- What is being asked
Exact reproduction of the data is required, with images excluded.
*** Dataset extract ***
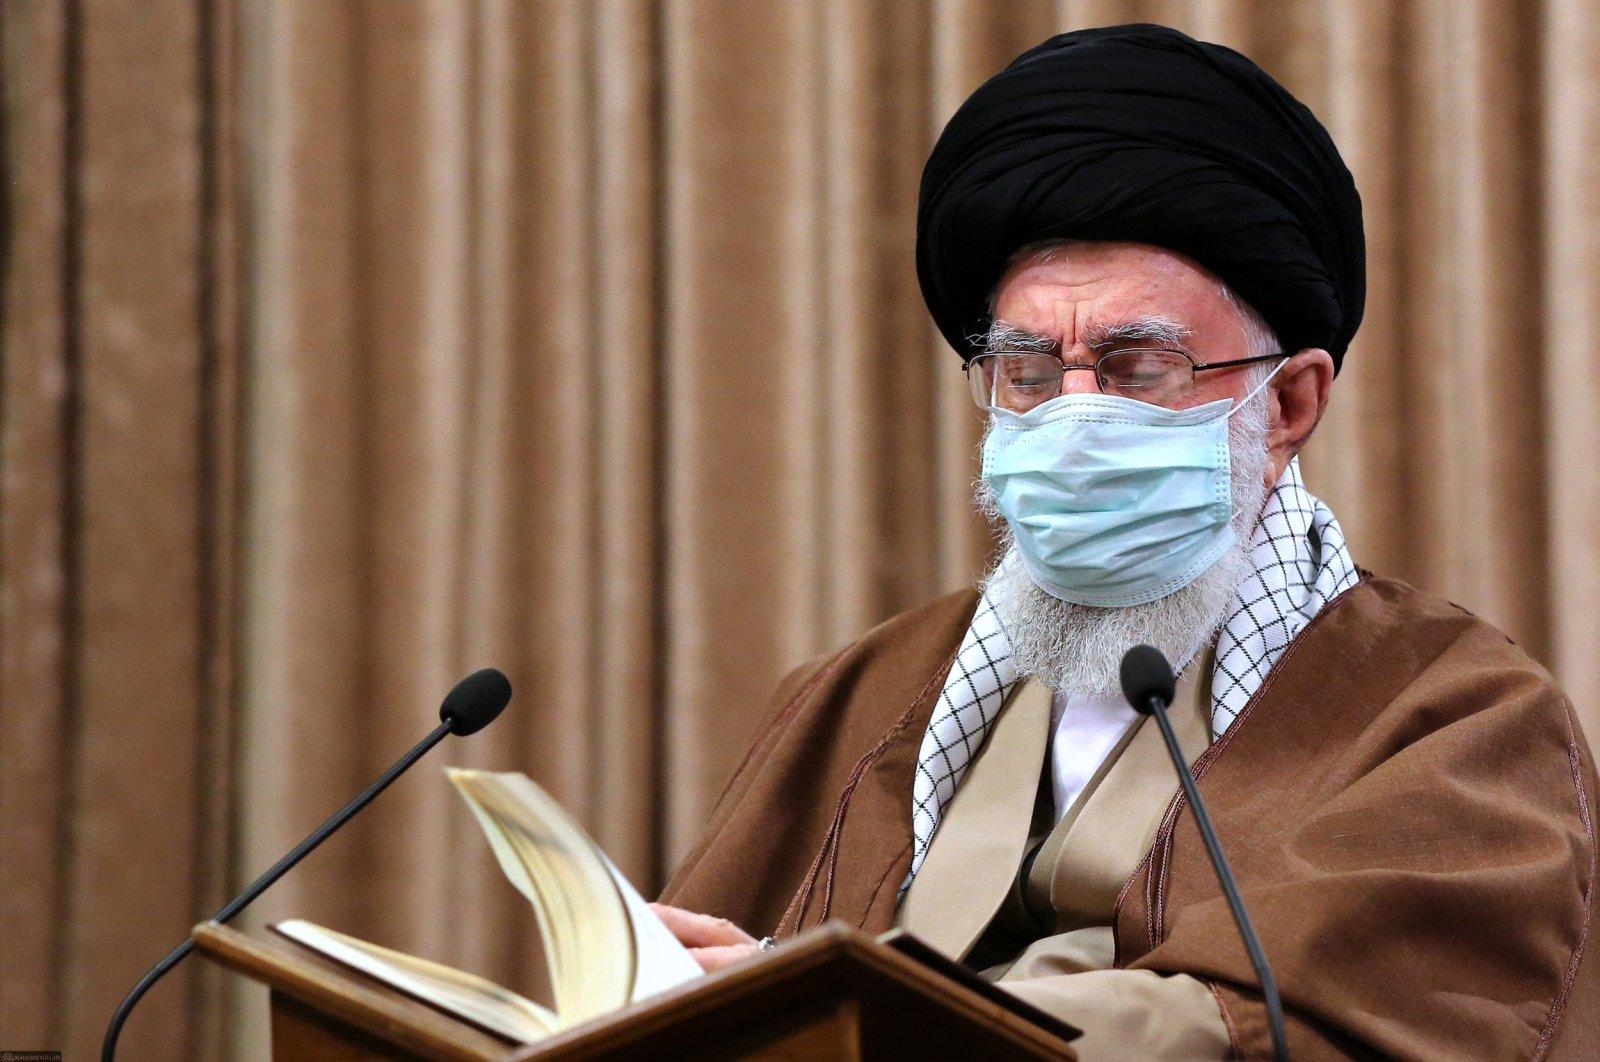 Iran's Supreme Leader Ayatollah Ali Khamenei attends a Quran Recitation Ceremony on the first day of the Muslim holy month of Ramadan in Iran, on April 14, 2021. (KHAMENEI.IR via AFP)
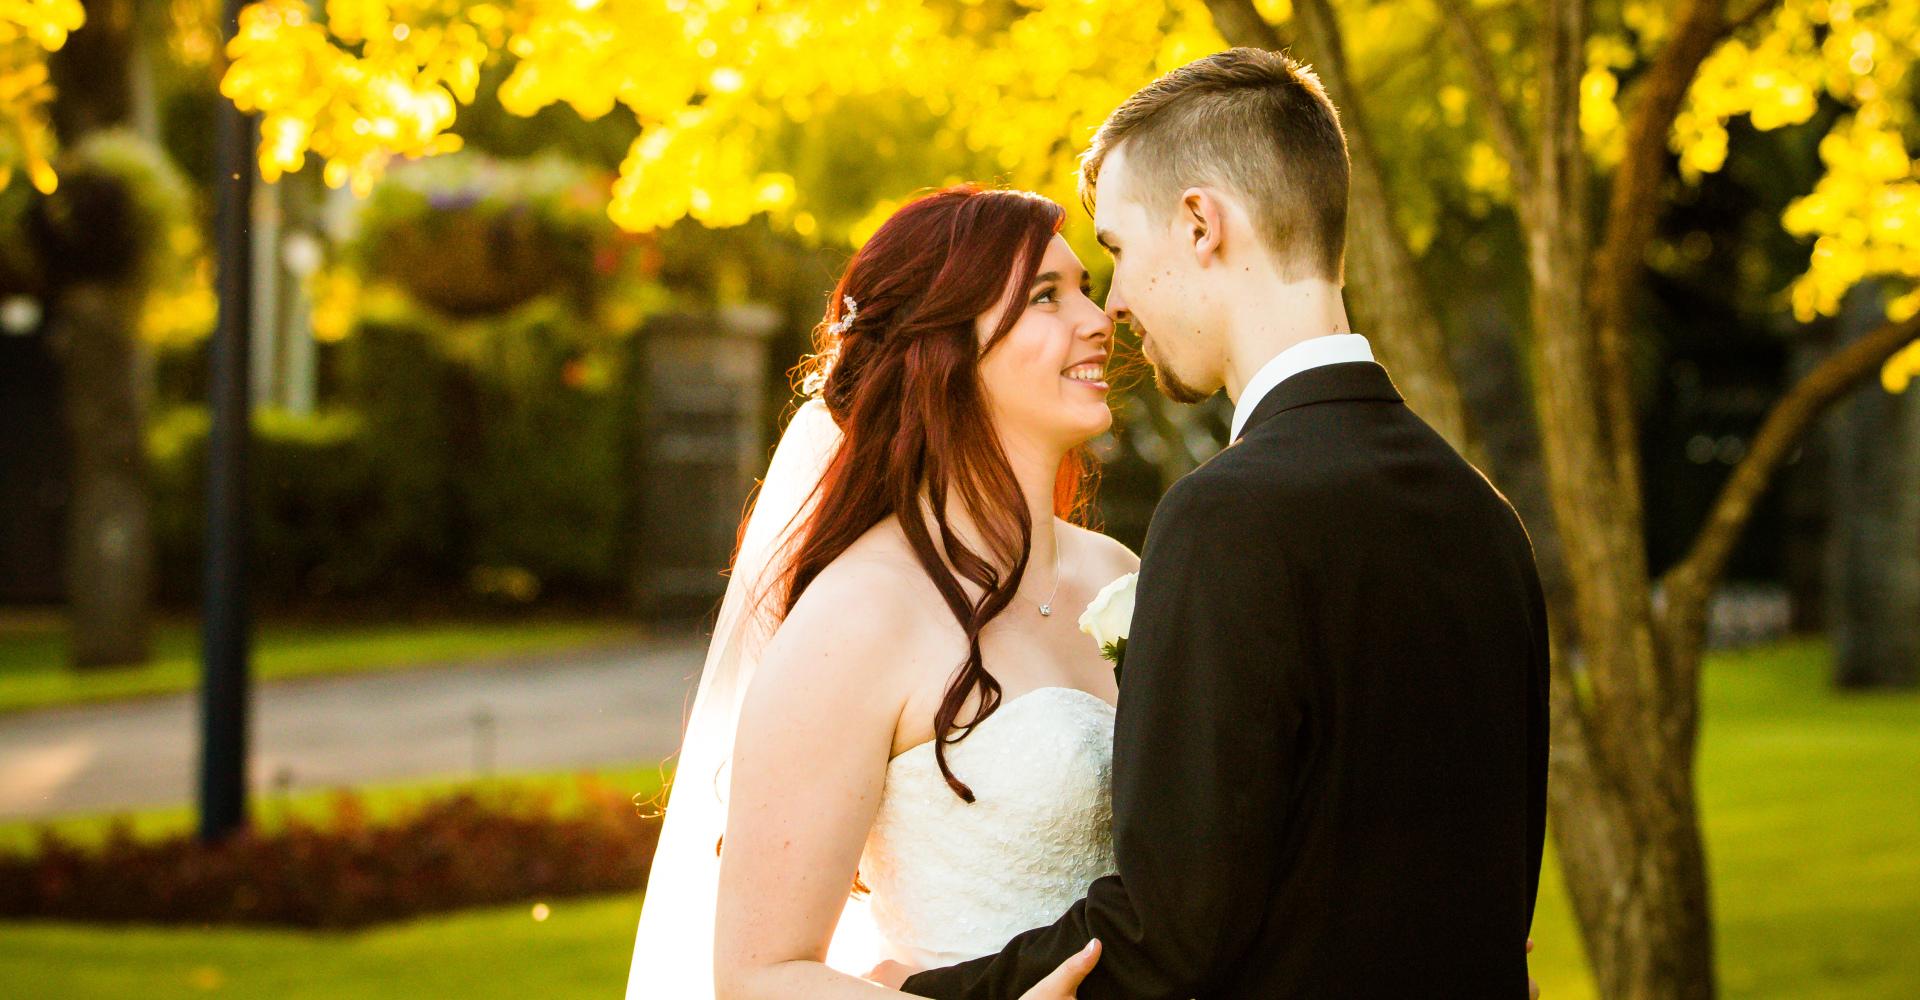 Aaron & Brittany   Laurel Bank Park   Toowoomba Wedding Photography
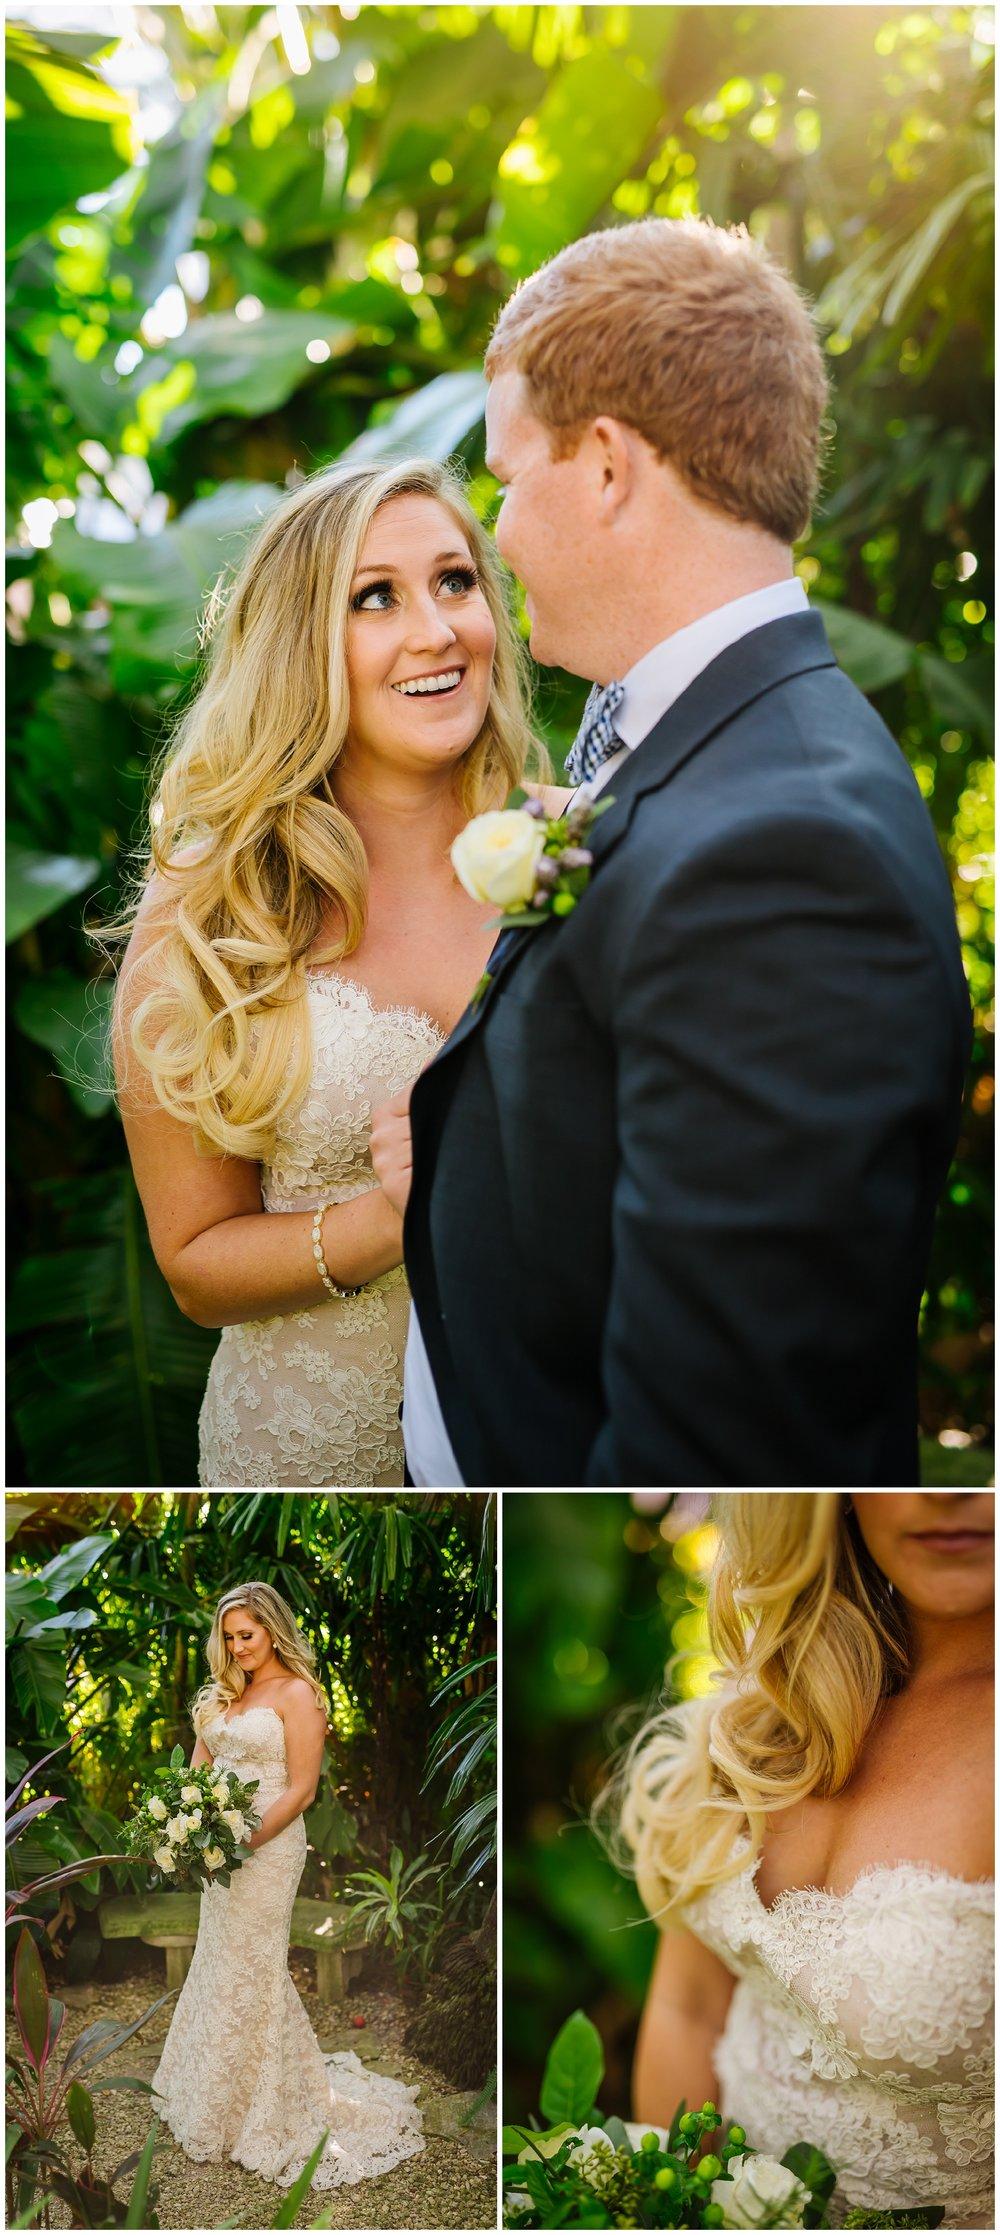 Ashlee-hamon-photography-year-in-review-2016-travel-wanderlust-vsco-adventure-wedding_0074.jpg
*** End of Dataset extract ***
- Solution to the exercise
 Iran's Supreme Leader Ayatollah Ali Khamenei attends a Quran Recitation Ceremony on the first day of the Muslim holy month of Ramadan in Iran, on April 14, 2021. (KHAMENEI.IR via AFP)
 Aaron & Brittany   Laurel Bank Park   Toowoomba Wedding Photography
 Ashlee-hamon-photography-year-in-review-2016-travel-wanderlust-vsco-adventure-wedding_0074.jpg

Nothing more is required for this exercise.